• Entries provided
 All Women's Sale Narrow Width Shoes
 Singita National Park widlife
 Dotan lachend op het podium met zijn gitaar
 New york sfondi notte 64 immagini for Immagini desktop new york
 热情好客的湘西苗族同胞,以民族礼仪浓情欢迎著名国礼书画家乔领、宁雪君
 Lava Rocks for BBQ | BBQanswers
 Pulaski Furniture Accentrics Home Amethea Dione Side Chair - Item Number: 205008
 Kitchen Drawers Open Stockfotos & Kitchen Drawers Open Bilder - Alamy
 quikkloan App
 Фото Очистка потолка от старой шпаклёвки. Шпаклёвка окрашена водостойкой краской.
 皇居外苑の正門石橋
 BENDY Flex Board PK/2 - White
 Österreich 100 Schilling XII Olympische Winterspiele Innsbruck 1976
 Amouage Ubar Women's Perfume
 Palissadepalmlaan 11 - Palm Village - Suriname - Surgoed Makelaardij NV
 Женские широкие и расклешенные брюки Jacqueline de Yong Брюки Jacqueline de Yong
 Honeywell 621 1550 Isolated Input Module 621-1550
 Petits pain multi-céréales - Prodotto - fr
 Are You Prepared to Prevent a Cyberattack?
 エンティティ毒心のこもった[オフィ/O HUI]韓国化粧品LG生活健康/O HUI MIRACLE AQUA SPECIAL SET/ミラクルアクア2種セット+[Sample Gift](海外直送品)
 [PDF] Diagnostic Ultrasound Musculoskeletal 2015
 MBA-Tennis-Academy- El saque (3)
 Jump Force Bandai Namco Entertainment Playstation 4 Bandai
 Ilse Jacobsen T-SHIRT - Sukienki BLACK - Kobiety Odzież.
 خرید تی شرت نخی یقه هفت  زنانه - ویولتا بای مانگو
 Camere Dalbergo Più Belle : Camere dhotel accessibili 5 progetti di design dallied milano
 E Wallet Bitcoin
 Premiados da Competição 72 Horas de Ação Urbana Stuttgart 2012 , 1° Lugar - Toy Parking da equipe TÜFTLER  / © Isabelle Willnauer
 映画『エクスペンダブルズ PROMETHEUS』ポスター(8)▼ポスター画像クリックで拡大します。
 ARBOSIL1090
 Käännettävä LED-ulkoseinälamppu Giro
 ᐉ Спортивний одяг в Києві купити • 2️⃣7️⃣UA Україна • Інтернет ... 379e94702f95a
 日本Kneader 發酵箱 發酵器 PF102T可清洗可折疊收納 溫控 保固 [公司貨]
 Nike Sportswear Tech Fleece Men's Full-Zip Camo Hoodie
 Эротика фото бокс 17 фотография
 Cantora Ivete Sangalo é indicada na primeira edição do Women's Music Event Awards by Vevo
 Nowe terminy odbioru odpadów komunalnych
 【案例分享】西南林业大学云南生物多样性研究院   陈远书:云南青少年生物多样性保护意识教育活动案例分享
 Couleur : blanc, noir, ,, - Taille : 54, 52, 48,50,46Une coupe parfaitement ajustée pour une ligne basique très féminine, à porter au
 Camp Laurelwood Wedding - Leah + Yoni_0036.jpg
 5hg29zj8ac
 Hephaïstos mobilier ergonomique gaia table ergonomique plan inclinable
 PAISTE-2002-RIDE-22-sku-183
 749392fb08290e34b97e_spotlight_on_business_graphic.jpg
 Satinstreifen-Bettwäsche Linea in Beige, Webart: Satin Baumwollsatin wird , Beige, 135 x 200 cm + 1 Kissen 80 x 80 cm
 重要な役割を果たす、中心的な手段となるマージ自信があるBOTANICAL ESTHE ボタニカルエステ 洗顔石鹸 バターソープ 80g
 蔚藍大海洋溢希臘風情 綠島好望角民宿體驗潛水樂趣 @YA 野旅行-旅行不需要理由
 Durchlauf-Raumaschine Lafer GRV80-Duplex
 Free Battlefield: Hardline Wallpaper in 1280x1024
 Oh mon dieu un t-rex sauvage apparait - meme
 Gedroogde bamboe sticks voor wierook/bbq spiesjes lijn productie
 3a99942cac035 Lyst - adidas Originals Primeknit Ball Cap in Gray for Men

• What you will do
Please tally the lines of the entries that hold "Women" and give only the resulting number.

• Solution to the problem
3